Olivia sat up in her chair, firmly grabbed her book, and circled a section that said “give yourself the freedom to change plans as you go.”
In Amy’s family at Christmas, the tradition is to hand out the presents first and put them all into a pile next to each person — grandpa, or “Poppy” rather, many times had the biggest pile. Then they’d go around in a circle and each open a present.
Olivia had scribbled in the book that they should roll dice instead.
“Because then it’s not, ‘Oh, Poppy isn’t here, he missed his turn,’” Amy said later.
“I love this one,” Sheila said. “We want to remember these people!”
Sheila shared that when her mother died she decided to keep her mother’s cross in her pocket and fiddle with in whenever she needed a moment to find strength or needed to remember her mom.
But there are lots of ways to remember, Sheila said, adding that a person could do something their loved one used to do, or get creative.
“It might be a phrase,” Sheila said. “Grandpa always says …”

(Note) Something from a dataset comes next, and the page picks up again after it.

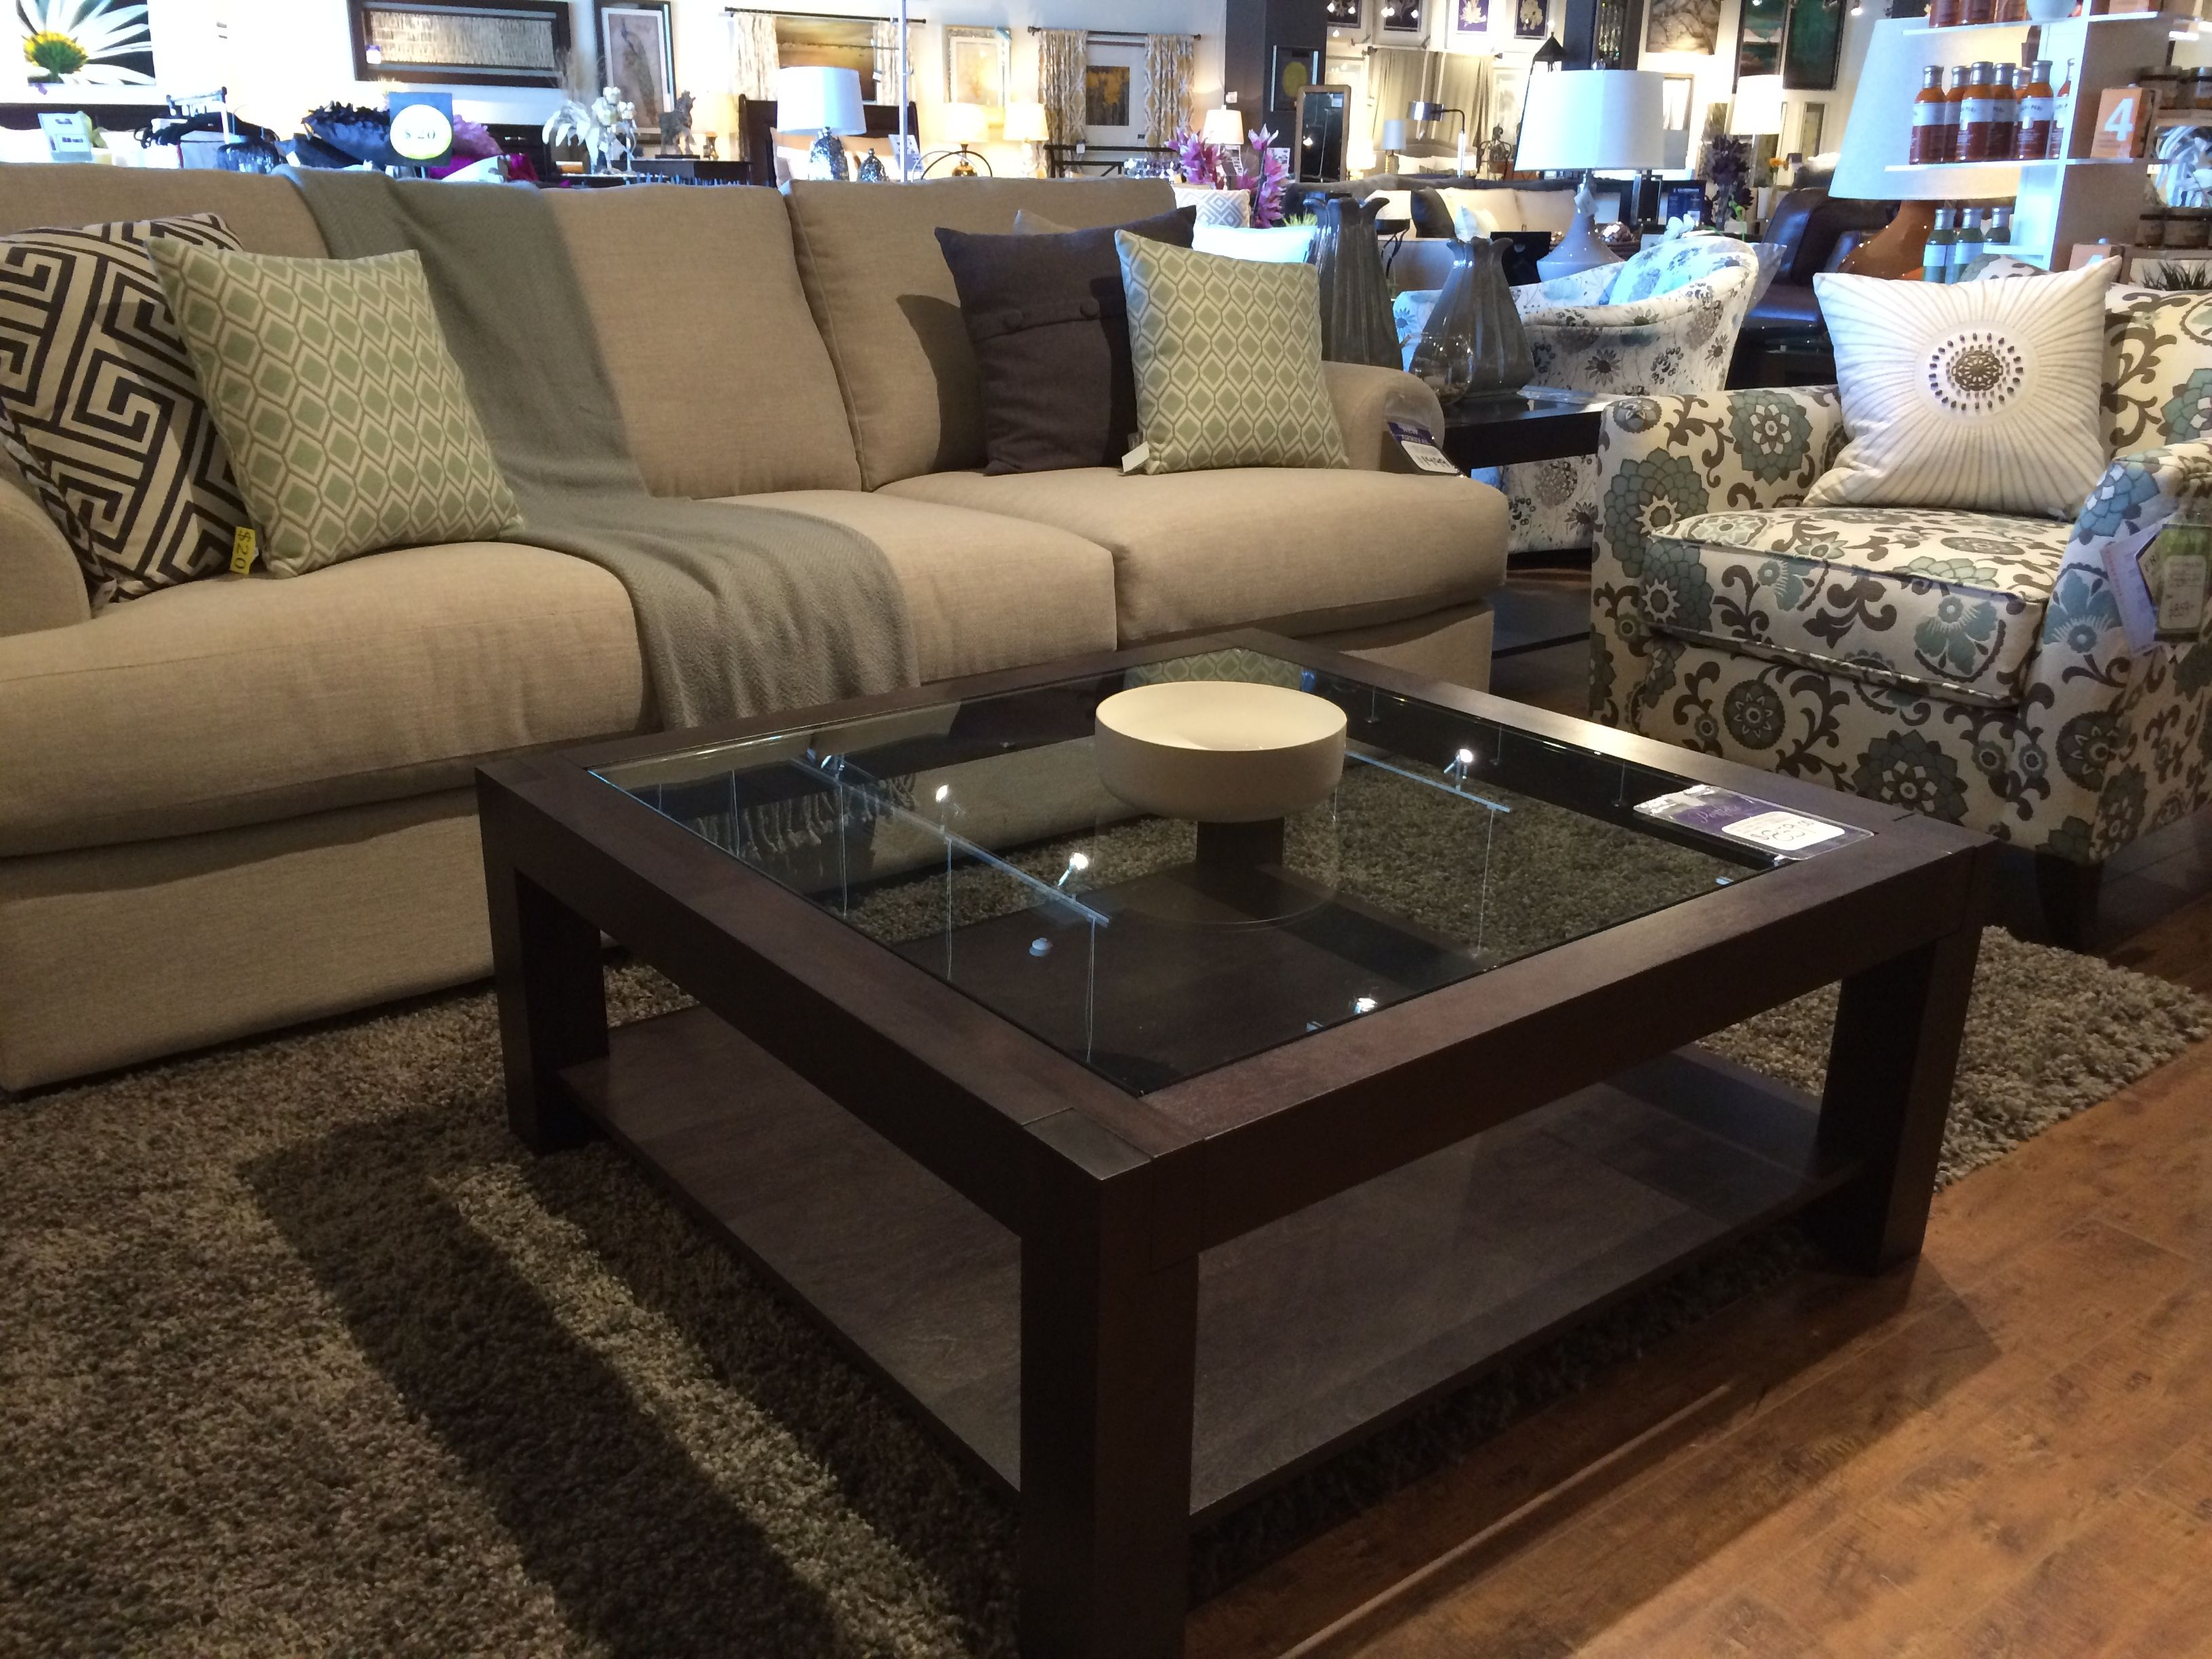 Stupendous New Orleans Sofa By Palliser Chair By Decor Rest Joe Uwap Interior Chair Design Uwaporg

Amy smiled. She explained later that her dad had many sayings, and she’s thankful the family still says them. She’s looking forward to hearing more over the holidays and laughing with family.
Tip: Be gentle
The day Amy’s dad died, she and her sister knew the time was coming.
“His breathing was just different,” she said.
Her dad’s deacon had been stopping by throughout the month to pray over him — at one point spending a couple hours with him and his daughters, singing, praying and shedding tears — and on the day he died the deacon happened to stop by.
As the deacon walked away, Amy held her dad’s hand. Her sister held his other. They grabbed each other’s empty hand and watched together his chest go up and down.
Just as the deacon opened the door to leave, George took his last breath.
“I got to be there for my dad,” Amy said as she wiped away a couple of loose tears. “What a blessing.”
After her father’s death, Amy said it was tough to let herself truly grieve. She wanted to stay strong for her family, especially her daughters.
Back at the event, looking around to make eye contact with everyone in the room, Ronia said, “Treat yourself with love. Look at yourself as if in third person. How would you treat someone else going through this pain? Treat yourself like you would for them.”
Amy needed to hear that, she said.
“I learned I need to give myself time to grieve,” she said after the event.
Her voice started to crack.
“I need to take care of myself,” she said.
Amy said she’s thankful for the event, especially that her daughter went. Some of the tips she knew, some she didn’t, but she couldn’t have explained them to her daughter the way Sheila, Ronia and the book did, she said. And she would have never realized that she could both feel her feelings and embrace her grief while still thinking of her children, she said.
“That’s what really helped me,” she said. “Now I know from going to that event to talk to my kids and ask what they want to do rather than assume we’ll do the same thing this year.”
“How neat that we have that in our community,” she said with a smile. “It was really good. I’m glad I went.”